About this task: Repeat the records below exactly from the line containing "SPD-Verkehrskonzept Charlottenburg-Wilmersdorf" to the line containing "Technische Zeichnung eines", taking in both of those lines. Drop the pictures.

Input data:

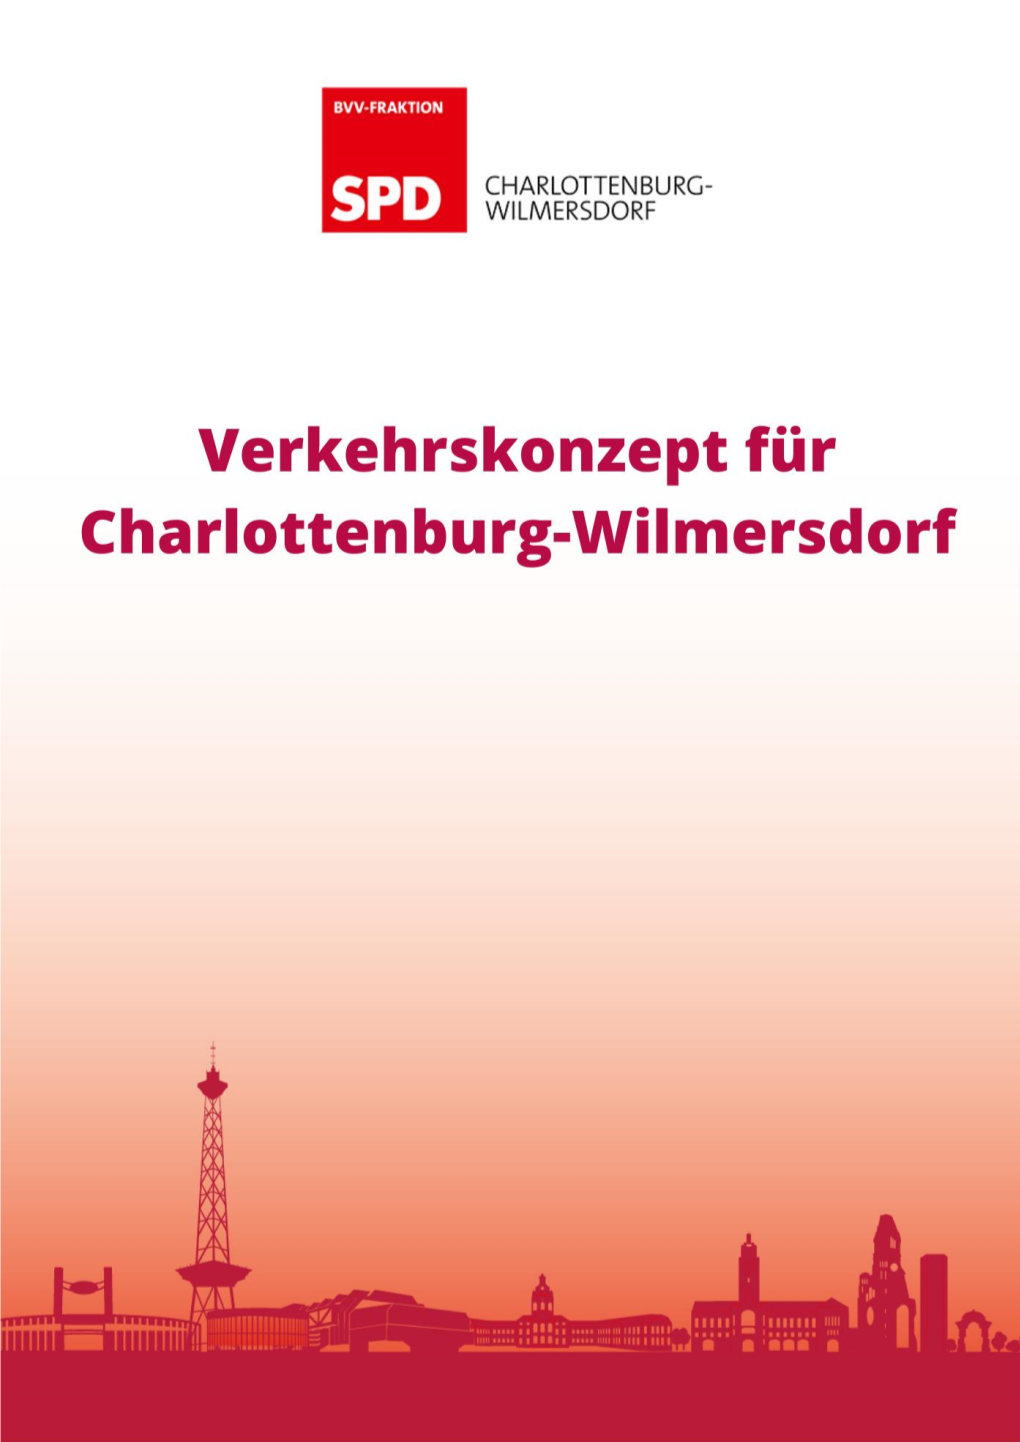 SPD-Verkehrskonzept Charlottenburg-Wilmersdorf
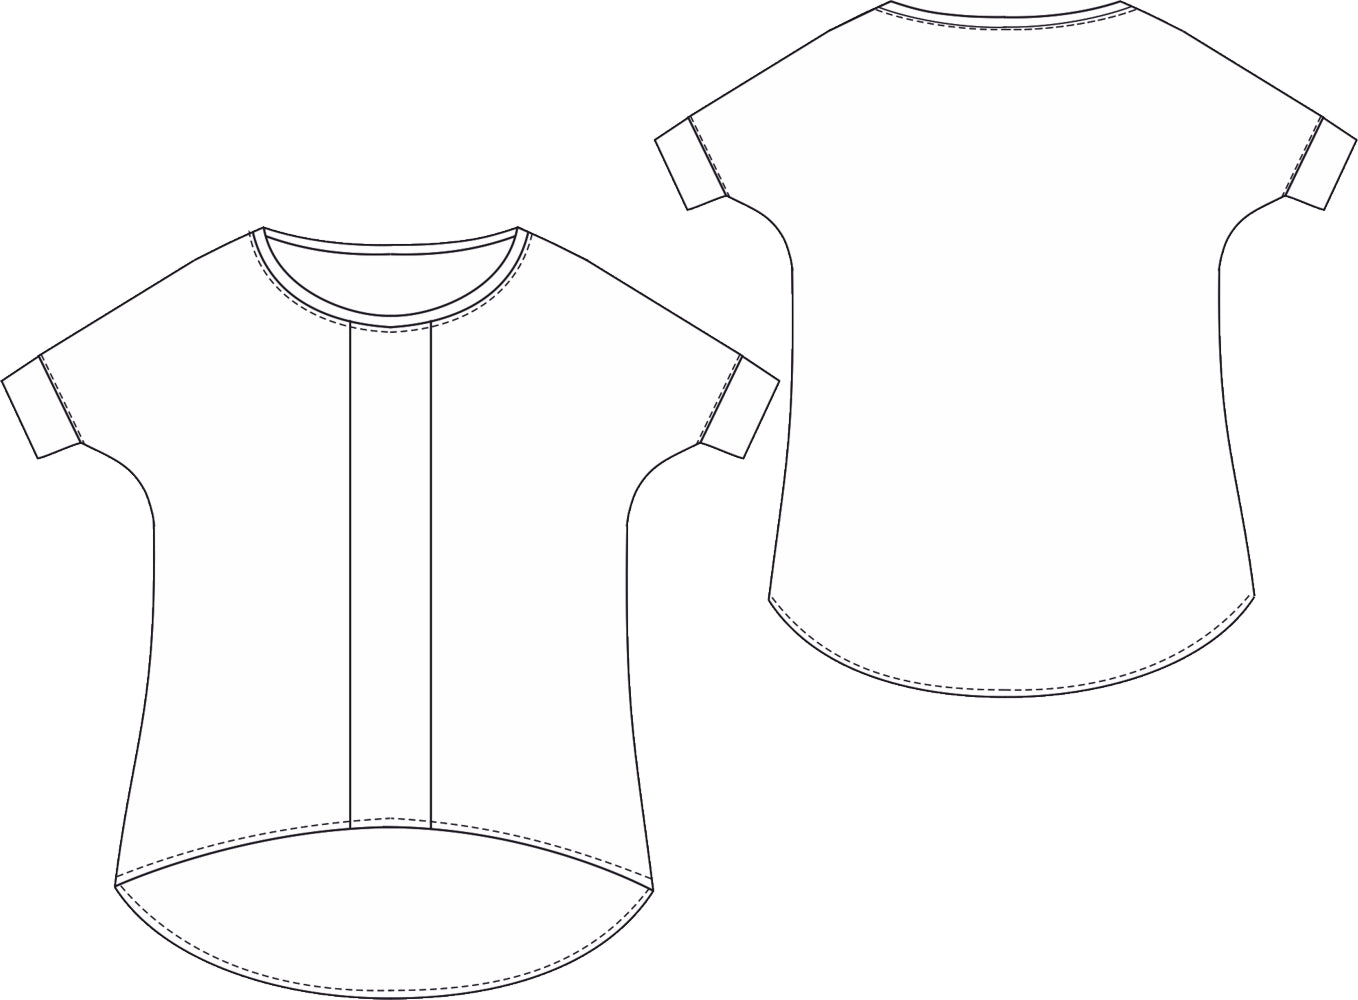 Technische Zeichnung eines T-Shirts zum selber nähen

...

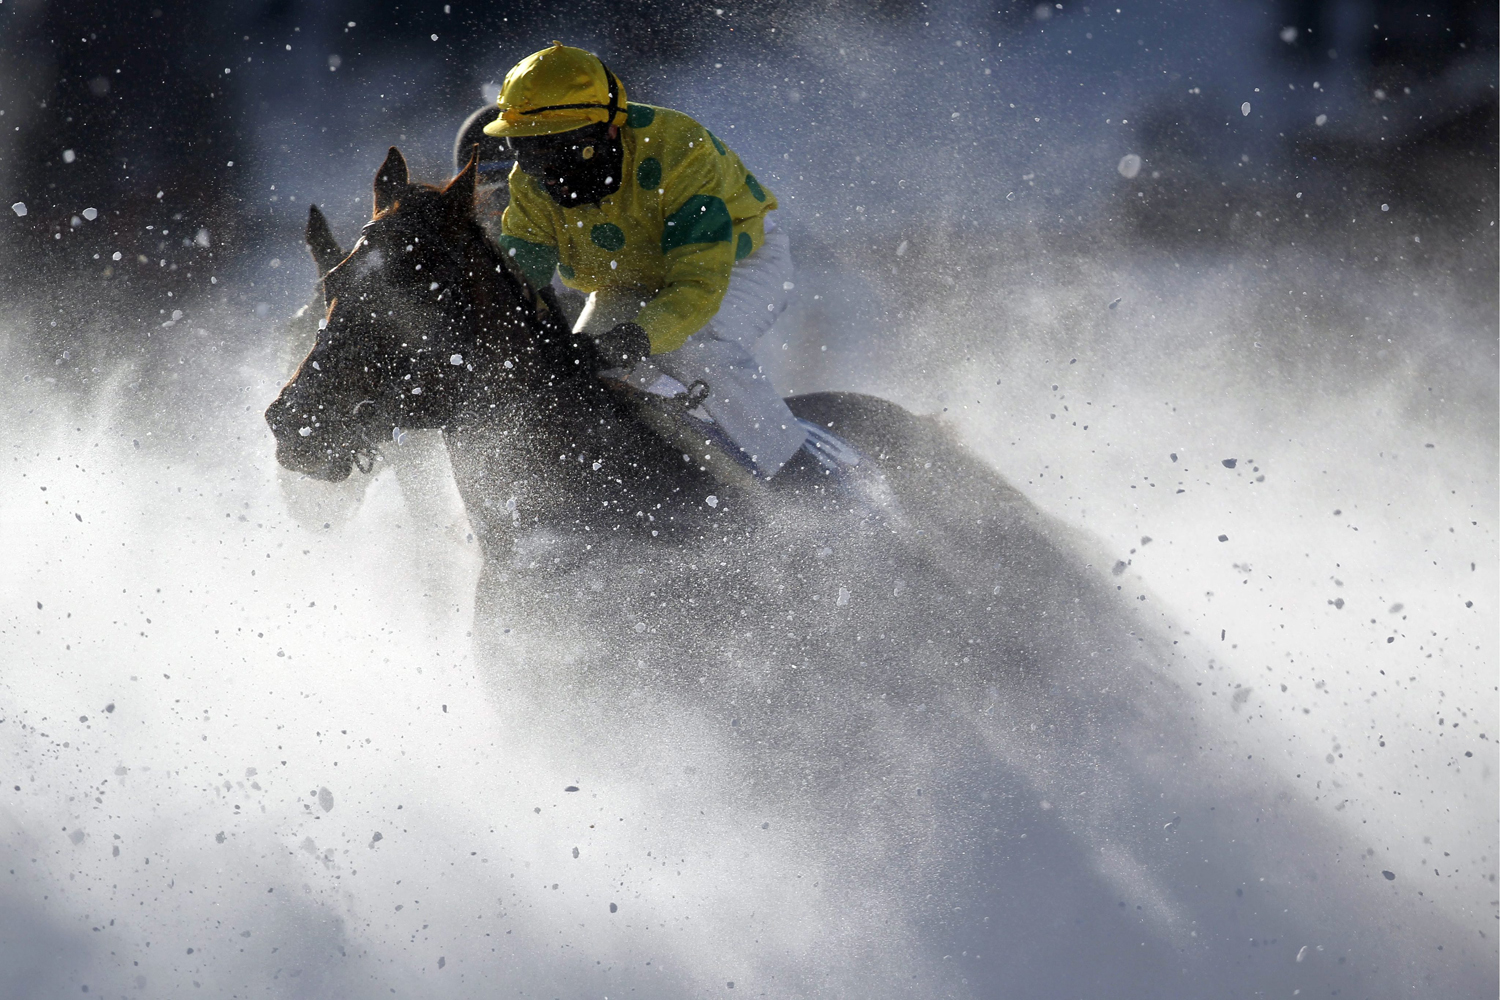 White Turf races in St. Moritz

Response box:
 SPD-Verkehrskonzept Charlottenburg-Wilmersdorf
 Technische Zeichnung eines T-Shirts zum selber nähen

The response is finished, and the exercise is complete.